INFORMATION SUPPLIED ▸
╔══

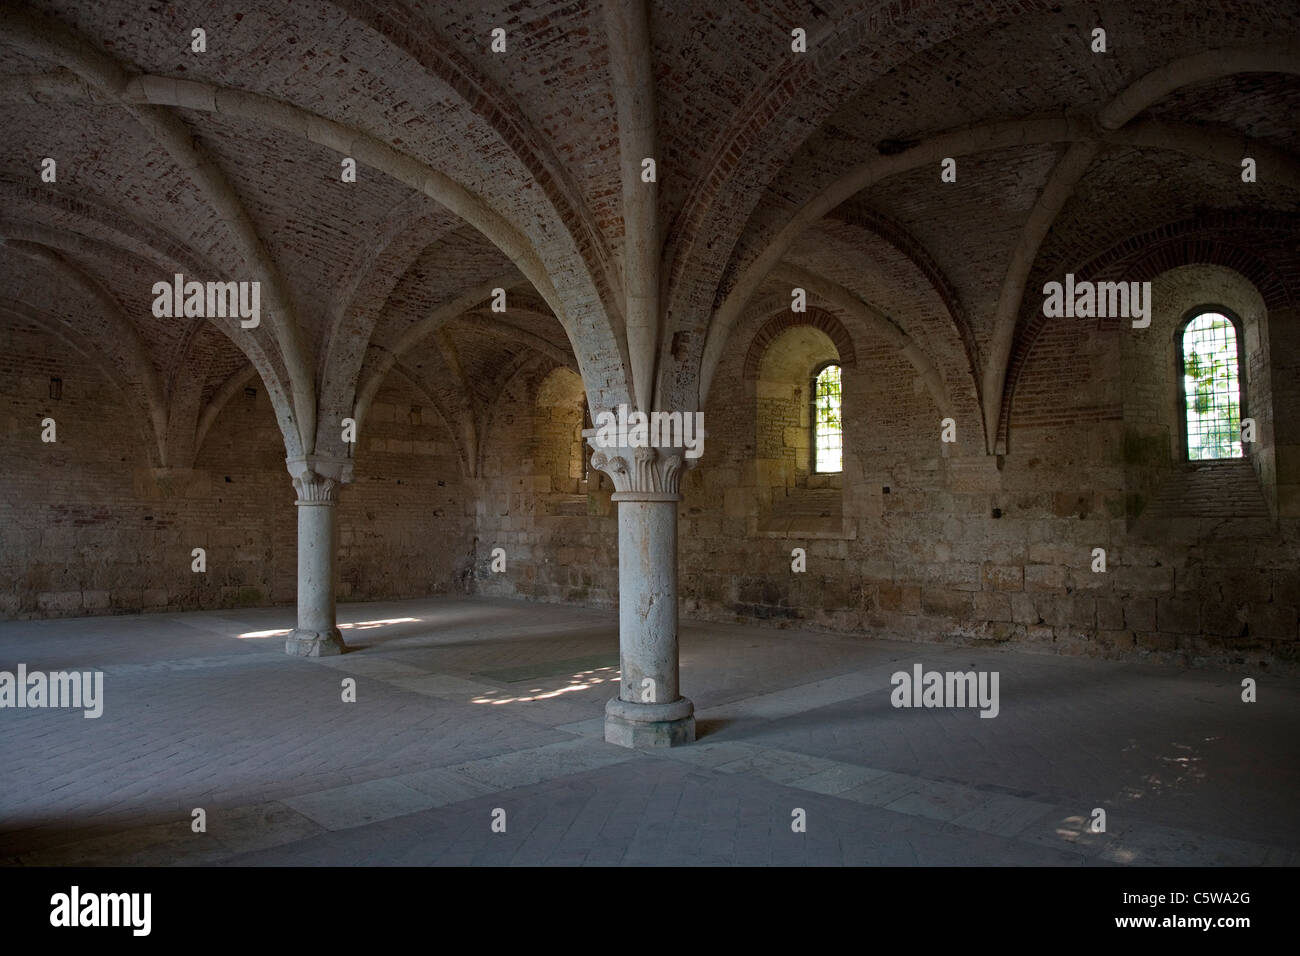 Techos abovedados en la abadía de San Galgano Toscana Italia Foto de stock
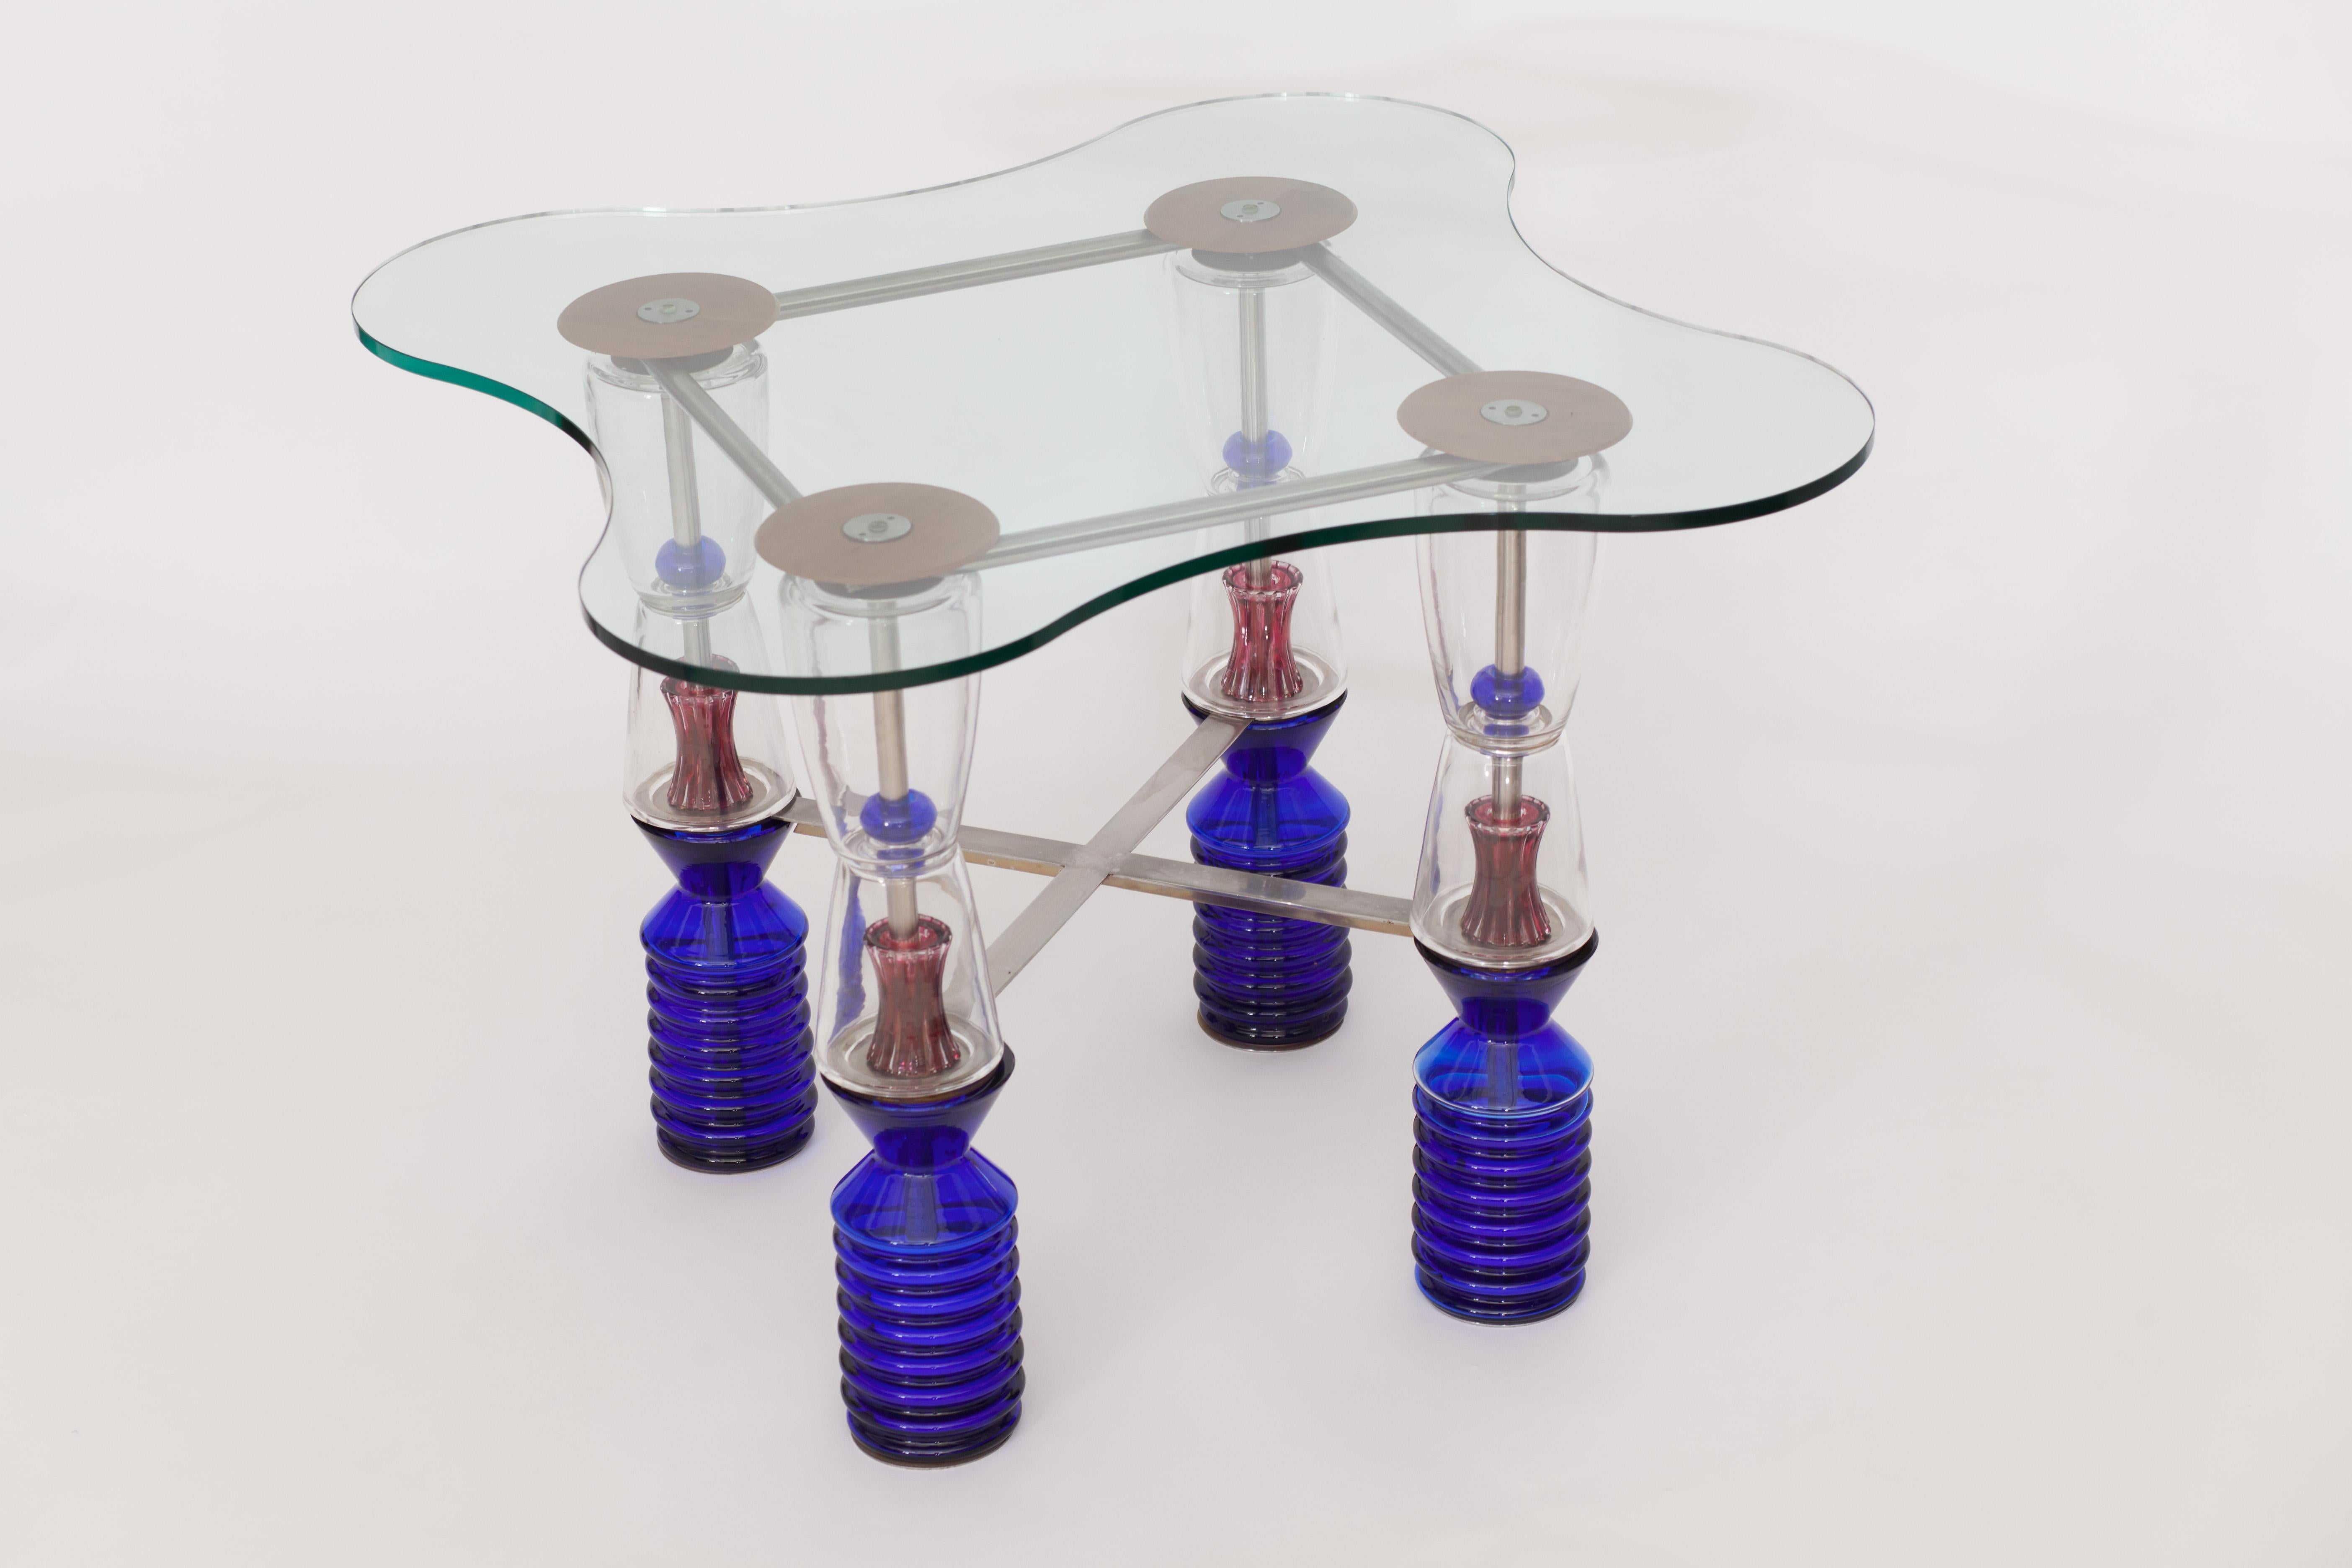 Van Praet & Val Saint lambert Einzigartiger Spieltisch aus Kristall

Dieser außergewöhnliche Beistelltisch, der sich durch seine geometrischen und organischen Formen und den wohlüberlegten Einsatz von Farbe auszeichnet, wurde in den 1990er Jahren

╚══

TASK ▸ What the answer must hold: all the data above, given again exactly, without pictures.

ANSWER BOX ▸
 Techos abovedados en la abadía de San Galgano Toscana Italia Foto de stock
 Van Praet & Val Saint lambert Einzigartiger Spieltisch aus Kristall

Dieser außergewöhnliche Beistelltisch, der sich durch seine geometrischen und organischen Formen und den wohlüberlegten Einsatz von Farbe auszeichnet, wurde in den 1990er Jahren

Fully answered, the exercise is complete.